# FV-1 only work with pin 13 grounded



## doublej (Oct 22, 2020)

So I have built the FV-1 Dev board.  Was having some issues getting the eeprom programmed so I gave up using the pedal for that and purchased one of these.  It worked right away and was able to program a test program successfully.  However I am only getting sound out of pin 28 from the Fv-1 when pin 13 is grounded from the stock programs - chorus, flange, and tremolo reverb.  does this indicate a problem with the eeprom (SCL, SDA?). trying to get my head around all of this but im thinking is has to be there.  I am getting continuity between the FV-1 and the eeprom and 3.3v on pin8 of the eeprom.
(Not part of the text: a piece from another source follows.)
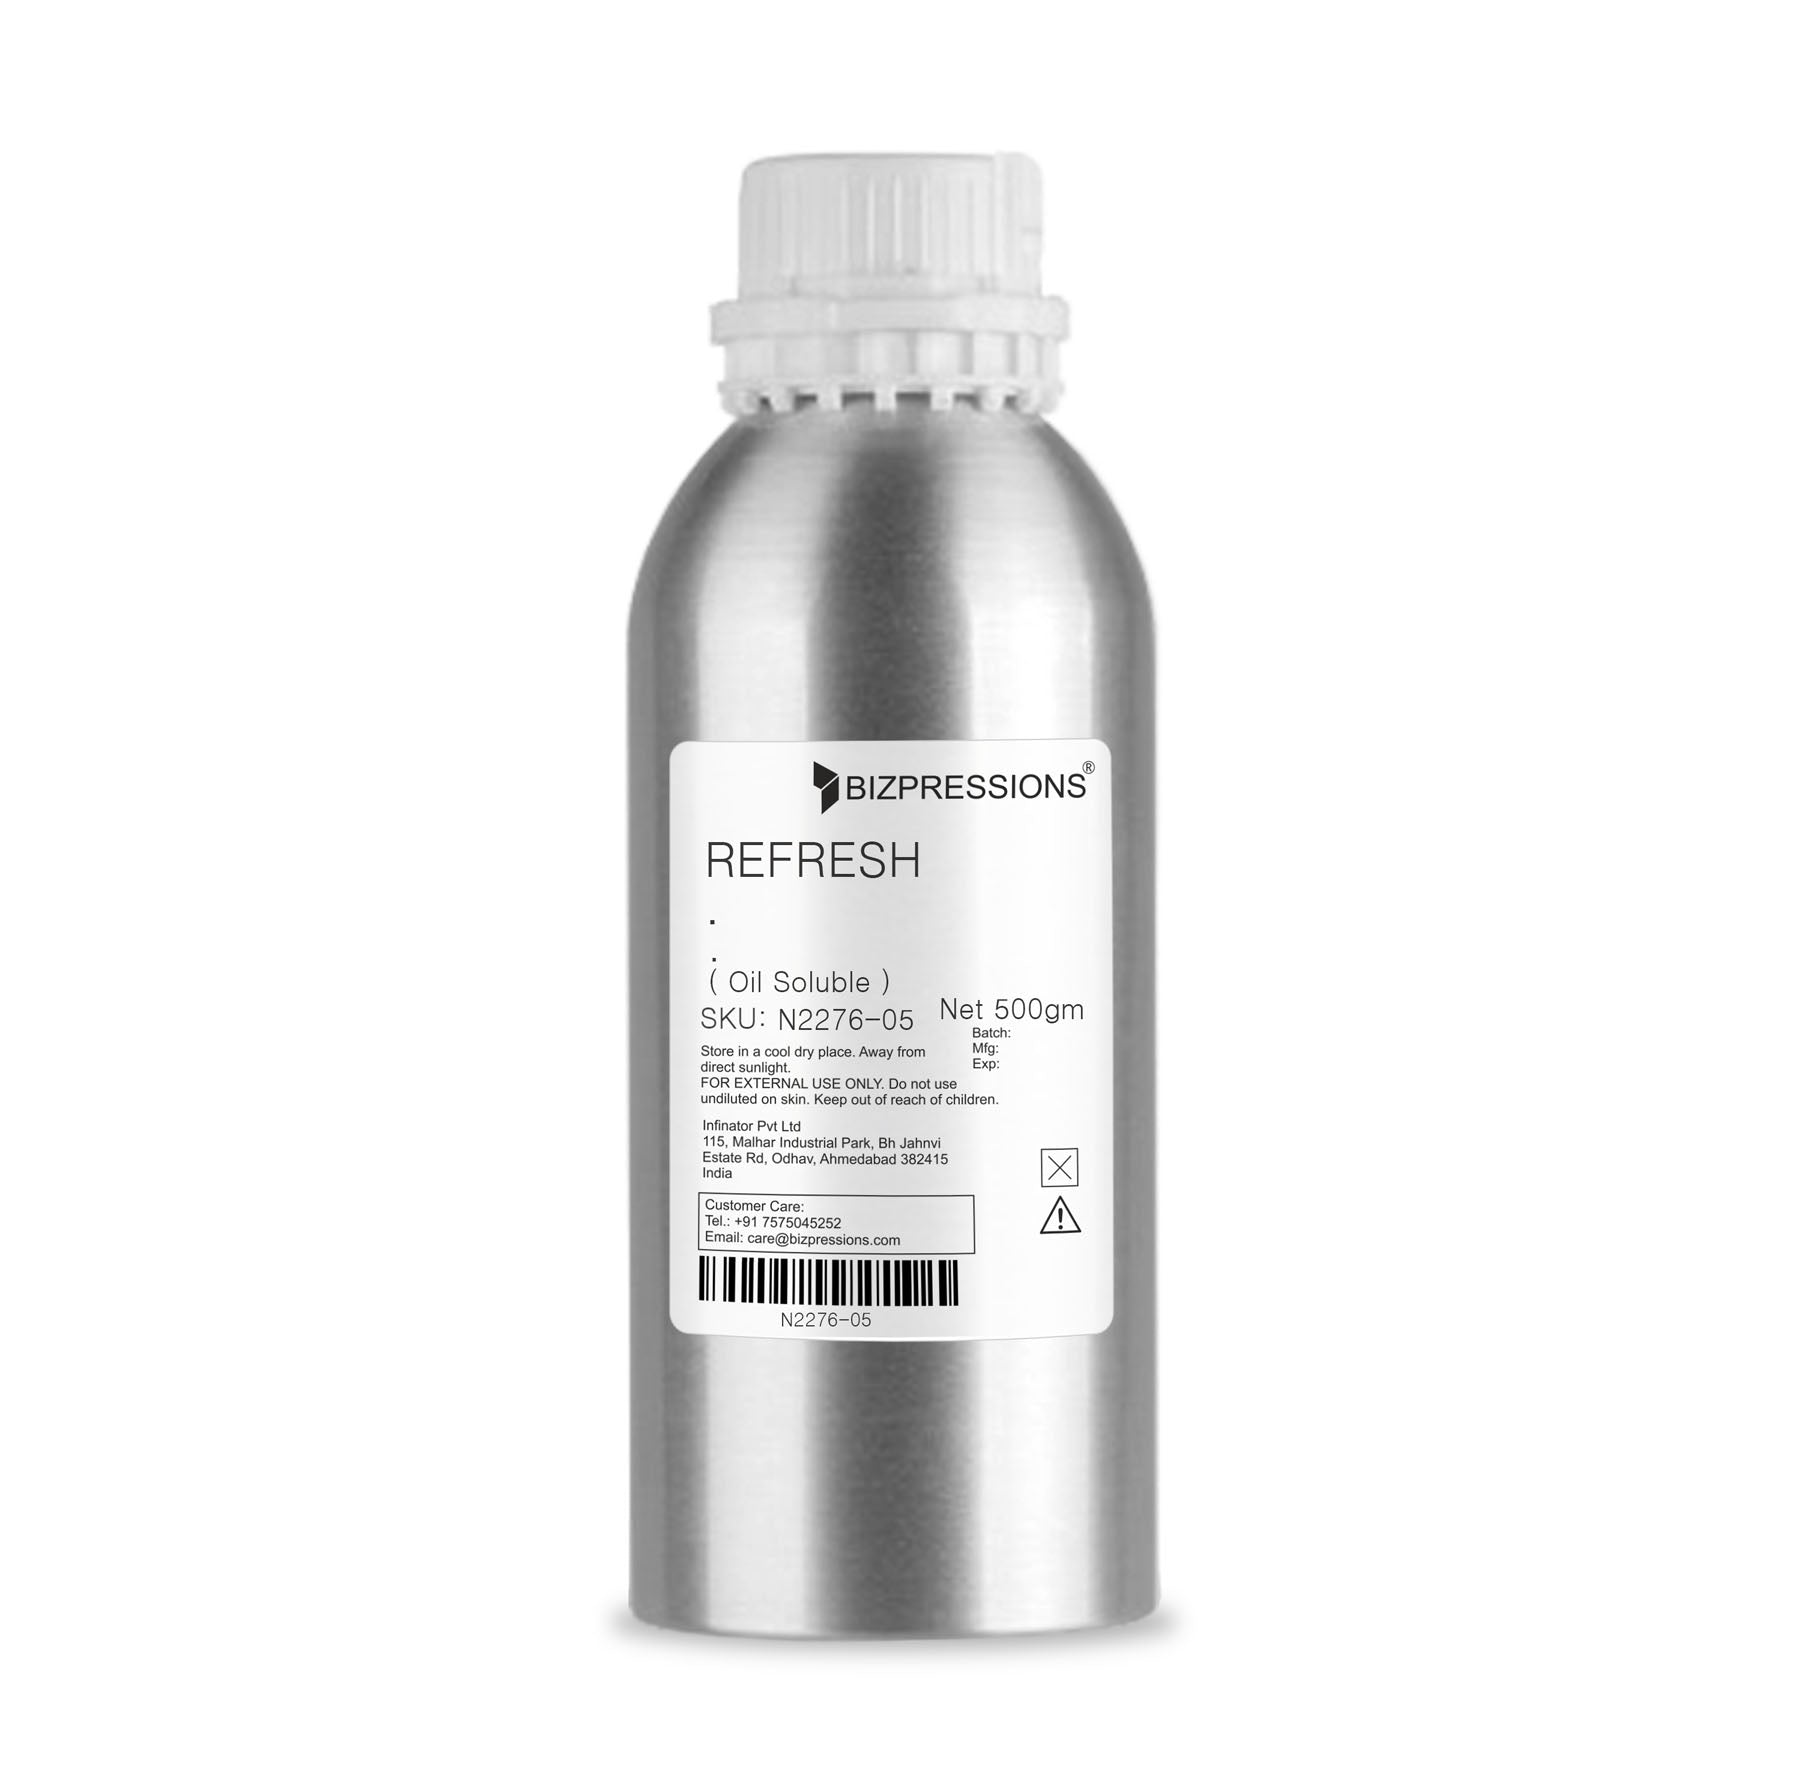 REFRESH - Fragrance ( Oil Soluble ) - 500 gm

edit - should clarify that I get sound out of the pedal when pin 13 is not grounded but it is just the dry.  turning up the mix lowers the volume since nothing is coming from pin 28.


----------



## zgrav (Oct 22, 2020)

were you able to get the programs on the purchased eeprom to work in your dev board and it stopped working?   Is that what you mean when you said it worked right away?


----------



## doublej (Oct 22, 2020)

The eeprom I bought was blank I mean that the programmer I bought worked right away vs the one on the Dev board


----------



## zgrav (Oct 22, 2020)

OK.  so your dev board does not seem to work with the EEPROM, or your EEPROM is not programmed correctly even though it looks like it is. or perhaps both.  do you have another fv-1 pedal you can use to confirm your eeprom is working?


----------



## doublej (Oct 22, 2020)

Unfortunately I don’t. I have been thinking about getting a pre programmed eeprom to test. In the meantime is there a way to test the eeprom I have even though it says the bin file has transferred and verified?


----------



## zgrav (Oct 22, 2020)

I would suggest ordering an eeprom with sounds that interest you and see if it works.  If it does, you can then try copying that one and reloading it onto your other EEPROM.  If that works, you can then try changing the programs on your EEPROM to see if you can get it sorted out.

And if the programmed eeprom does not work in the DEV board, you can trouble shoot the  board.  Hard to really do that until you know you have a working EEPROM.


----------



## doublej (Oct 23, 2020)

So I was able to find an old windows machine on the attic and it programmed the eeprom!  I guess my Mac just wasn’t working. Still can’t do it directly to the Dev board but at least I know what to track down and that the pedal works


----------



## zgrav (Oct 23, 2020)

Congratulations on sorting those things out.  Good luck with further progress!


----------